Go through the entries below from the first line and output each one exactly, up to and including the line with "316 million pounds".

↓↓↓

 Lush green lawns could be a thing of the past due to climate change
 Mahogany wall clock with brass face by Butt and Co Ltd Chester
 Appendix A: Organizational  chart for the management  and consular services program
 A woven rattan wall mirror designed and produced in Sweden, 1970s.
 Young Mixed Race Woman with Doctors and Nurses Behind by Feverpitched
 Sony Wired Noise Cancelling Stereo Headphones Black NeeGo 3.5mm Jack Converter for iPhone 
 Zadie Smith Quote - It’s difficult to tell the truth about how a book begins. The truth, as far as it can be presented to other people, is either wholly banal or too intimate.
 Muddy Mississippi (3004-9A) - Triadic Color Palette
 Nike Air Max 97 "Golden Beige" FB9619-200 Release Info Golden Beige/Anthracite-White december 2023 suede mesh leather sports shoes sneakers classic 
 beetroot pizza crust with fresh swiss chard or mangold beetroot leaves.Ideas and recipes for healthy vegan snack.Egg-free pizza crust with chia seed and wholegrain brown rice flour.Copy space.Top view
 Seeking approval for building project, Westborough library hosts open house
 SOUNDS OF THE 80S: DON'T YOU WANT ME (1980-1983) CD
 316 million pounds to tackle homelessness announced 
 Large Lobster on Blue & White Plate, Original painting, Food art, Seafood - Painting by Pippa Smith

↑↑↑

_ANSWER AREA_.
 Lush green lawns could be a thing of the past due to climate change
 Mahogany wall clock with brass face by Butt and Co Ltd Chester
 Appendix A: Organizational  chart for the management  and consular services program
 A woven rattan wall mirror designed and produced in Sweden, 1970s.
 Young Mixed Race Woman with Doctors and Nurses Behind by Feverpitched
 Sony Wired Noise Cancelling Stereo Headphones Black NeeGo 3.5mm Jack Converter for iPhone 
 Zadie Smith Quote - It’s difficult to tell the truth about how a book begins. The truth, as far as it can be presented to other people, is either wholly banal or too intimate.
 Muddy Mississippi (3004-9A) - Triadic Color Palette
 Nike Air Max 97 "Golden Beige" FB9619-200 Release Info Golden Beige/Anthracite-White december 2023 suede mesh leather sports shoes sneakers classic 
 beetroot pizza crust with fresh swiss chard or mangold beetroot leaves.Ideas and recipes for healthy vegan snack.Egg-free pizza crust with chia seed and wholegrain brown rice flour.Copy space.Top view
 Seeking approval for building project, Westborough library hosts open house
 SOUNDS OF THE 80S: DON'T YOU WANT ME (1980-1983) CD
 316 million pounds to tackle homelessness announced 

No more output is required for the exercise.